Teaching AI to Explain ‘How To’

Author: Denis Avetisyan

Researchers are developing new methods to help artificial intelligence generate clearer, more logically structured explanations of procedural skills, moving beyond simple step-by-step instructions.

An architecture for AI coaching-instantiated with Ivy within Ed Lessons to foster procedural skill acquisition-demonstrates how a system leverages symbolic control through TMK models to generate responsive guidance, acknowledging that such a framework isn’t built, but rather cultivated through emergent interactions.

A novel symbolic-LLM hybrid architecture improves the causal reasoning and pedagogical alignment of AI-generated explanations for procedural skills using constrained generation and TMK models.

While large language models excel at fluent text generation, they often struggle to convey the underlying causal and compositional logic crucial for effective procedural skill learning. This limitation motivates the research presented in ‘Improving Procedural Skill Explanations via Constrained Generation: A Symbolic-LLM Hybrid Architecture’, which introduces Ivy, a novel AI coaching system. By integrating symbolic Task-Method-Knowledge (TMK) models with a constrained generative LLM, Ivy delivers structured explanations demonstrating improved inferential quality across dimensions of causal reasoning and problem decomposition. Could this hybrid approach unlock more pedagogically sound and scalable AI for educational applications beyond procedural skill instruction?

The Illusion of Understanding: Beyond Pattern Matching

Large language models demonstrate remarkable proficiency in identifying and replicating patterns within data, enabling them to generate text, translate languages, and even compose different kinds of creative content.

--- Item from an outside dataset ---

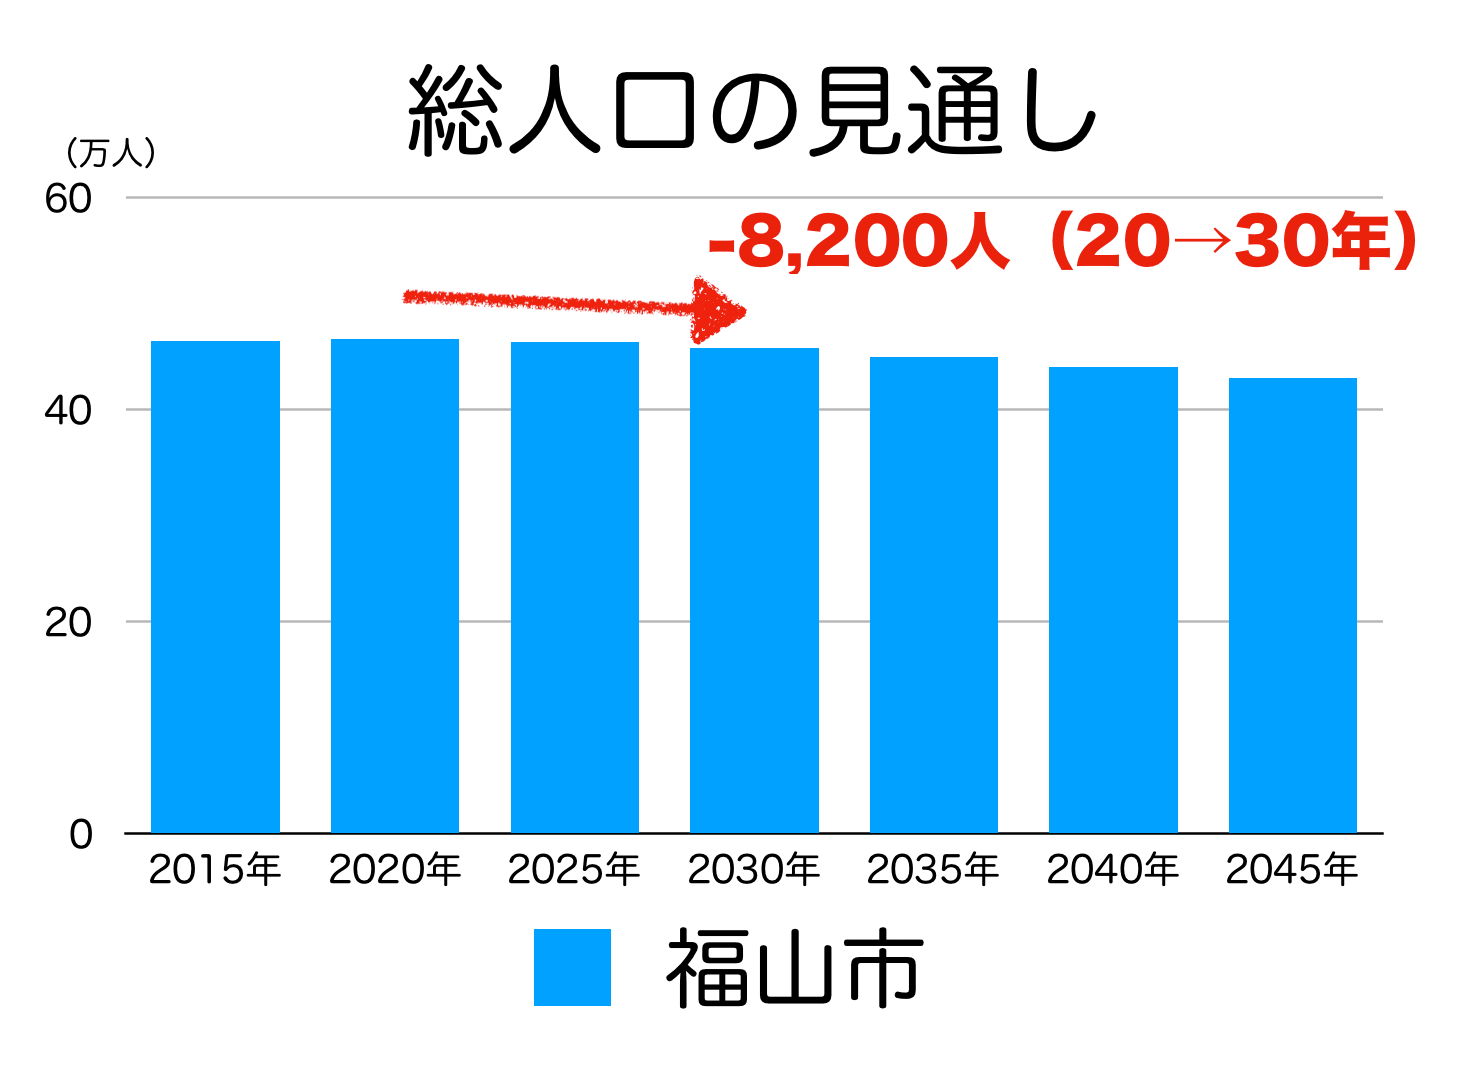 福山市の人口予測

However, this strength in pattern recognition doesn’t necessarily translate to genuine understanding or the ability to perform robust, step-by-step reasoning. These models frequently falter when confronted with tasks demanding causal inference – determining why something happens, not just that it happens – or complex problem-solving that requires breaking down a challenge into logical, sequential steps. While scaling up model size can improve performance to a degree, it often amplifies existing biases and doesn’t address the fundamental limitation of lacking an internal framework for representing and manipulating knowledge in a truly reasoned manner. This suggests that simply processing more data isn’t enough; a new architectural approach is needed to imbue these models with the capacity for reliable, explainable, and adaptable reasoning.

Current large language models, despite their impressive capabilities, frequently encounter limitations when tackling problems requiring systematic reasoning and understanding of cause-and-effect relationships. Simply increasing the size of these models – a strategy known as scaling – yields diminishing returns because it doesn’t address the fundamental issue: a lack of structured knowledge representation. Researchers posit that true progress demands a departure from purely statistical pattern matching towards architectures that incorporate explicit, symbolic representations of concepts and their relationships. This shift necessitates moving beyond models that primarily associate information to systems that can actively manipulate and reason with knowledge, mirroring the way humans build mental models to solve complex problems and enabling a more robust and generalizable approach to artificial intelligence.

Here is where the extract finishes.